How we rank AI models

The Design for Online AI Model Leaderboard scores 592 models on a single 0–100 scale built from four weighted dimensions: intelligence (reasoning and knowledge benchmarks), technical capability (coding and tool use), content quality (writing and instruction-following) and value (capability per dollar).

Underlying data is aggregated from the OpenRouter API for pricing and availability, Artificial Analysis for intelligence, coding and agentic indices, and the Hugging Face Open LLM Leaderboard for open-model benchmarks. We refresh these sources daily and layer our own editorial review on top, so a model that benchmarks well but is impractical to deploy will not automatically top the table.

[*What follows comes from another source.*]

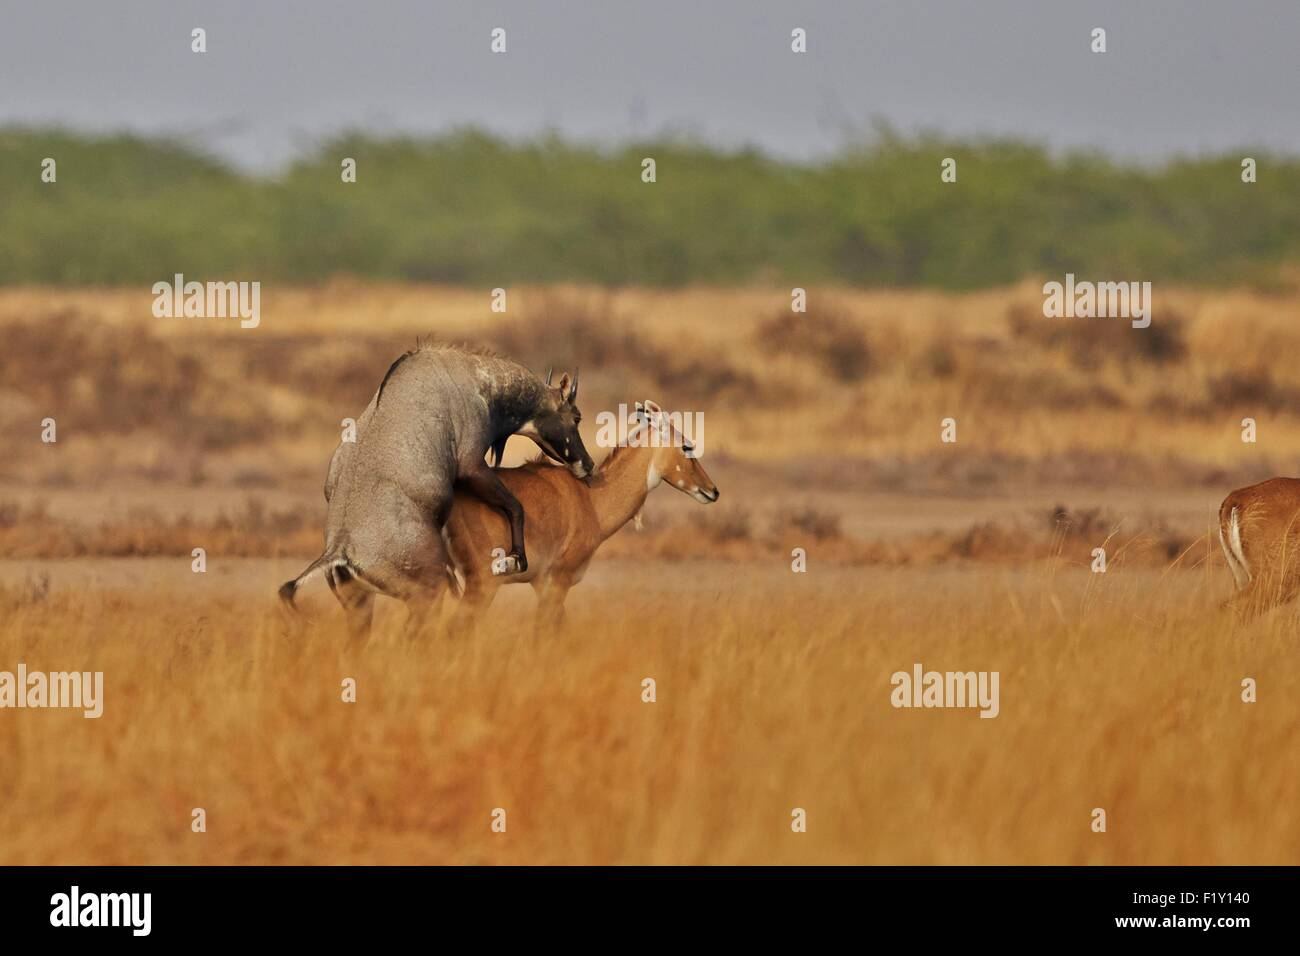 India, Gujarat state, Blackbuck national park, Nilgai or Indian Bull or Blue Antelope (Boselaphus tragocamelus), - Stock Image

Models are grouped into tiers (Frontier, Professional, Specialist, Efficient, Emerging and Legacy) to make like-for-like comparison easier, and newly released models are flagged so you can see what has just landed.

Leaderboard FAQ

How often is the leaderboard updated?

Pricing, availability and benchmark data are synced daily from our sources, and editorial scores are reviewed whenever a significant new model is released.

How is the overall score calculated?

Each model is graded 0–10 on intelligence, technical capability, content quality and value; those dimensions are weighted and combined into the 0–100 overall score used to rank the table.

Where does the data come from?

From the OpenRouter API, Artificial Analysis and the Hugging Face Open LLM Leaderboard, combined with hands-on editorial testing by the Design for Online team.